[TIP] Tasting the Cheeseshop

Fri Oct 14 22:03:43 PDT 2011

Barry,

thanks for tackling this and sharing your thoughts!

Two quick inputs from my side:

- tox could easily grow XML or other standardized output but it would
  not report results per test function/item - this is left to
  the individual test tool that is invoked.  If that is standardized
  (ad we could recard junitxml as such for now) then we could of course
  embed the junitxml output into the prospective tox output if that helps.

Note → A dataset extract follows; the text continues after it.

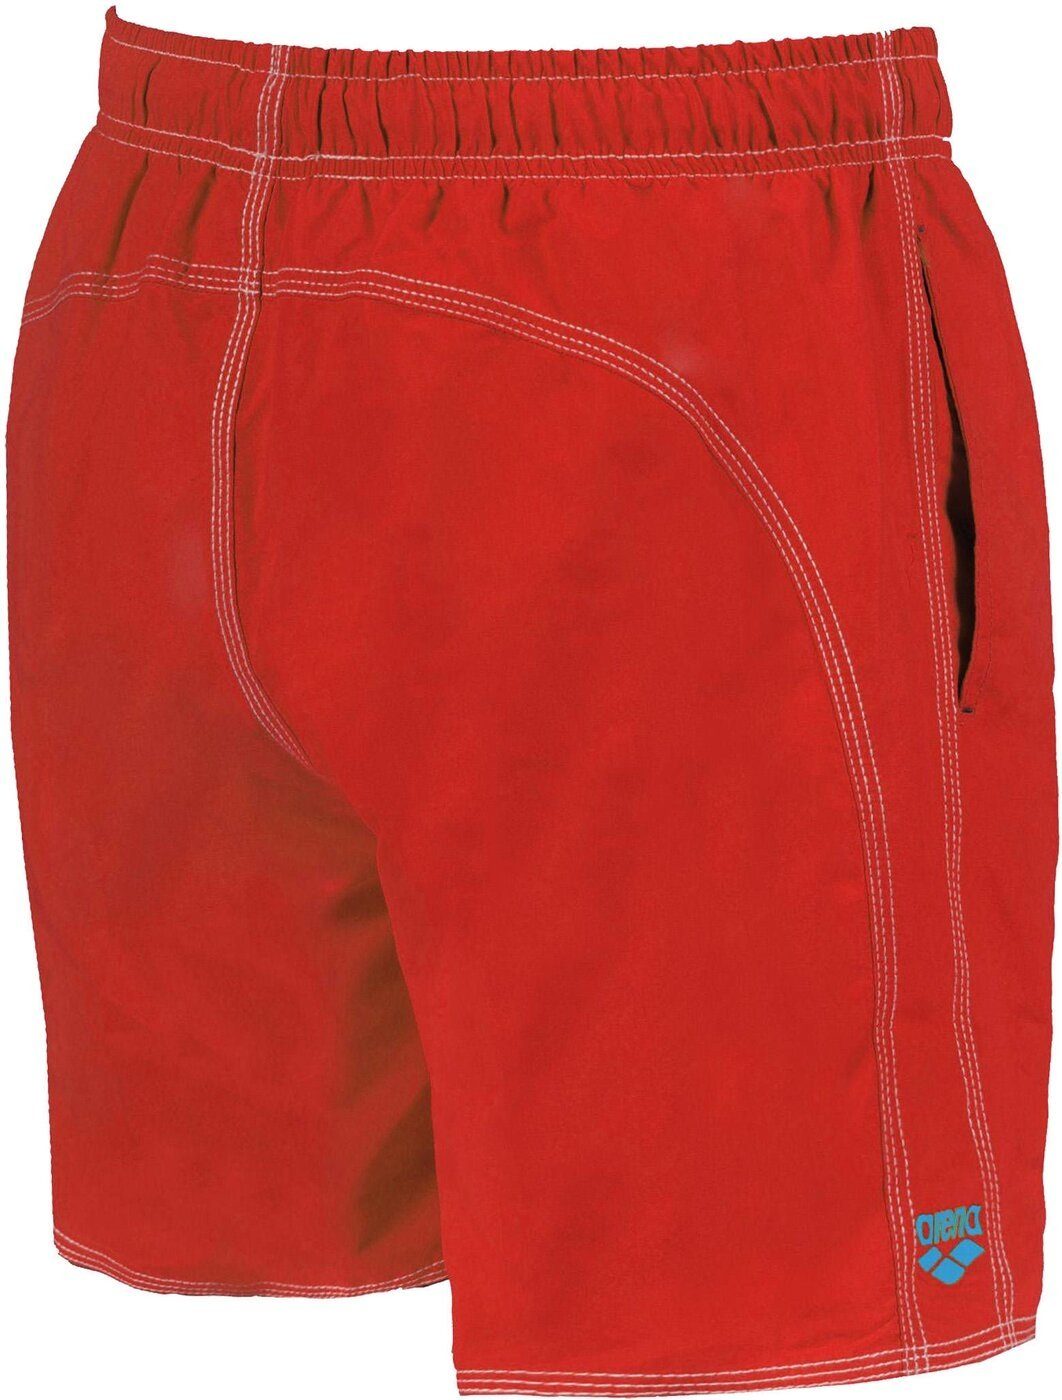 Arena Badeshorts FUNDAMENTALS SOLID 48 RED-TURQUOISE BOXER

- i don't think it's a good idea to incorporate test standards 
  into setup.py because 
  a) setup.py is executable code, is not introspectable and
  b) setup.py is meant to go away with the new distutils2 for a pure
  declarative approach (tox's config could easily merge in there) and 
  c) it's kind of requiring a specific unittest-pkg based model where tests
  are inlined into the package. There are reasons why substantial amount
  of projects use or need different approaches.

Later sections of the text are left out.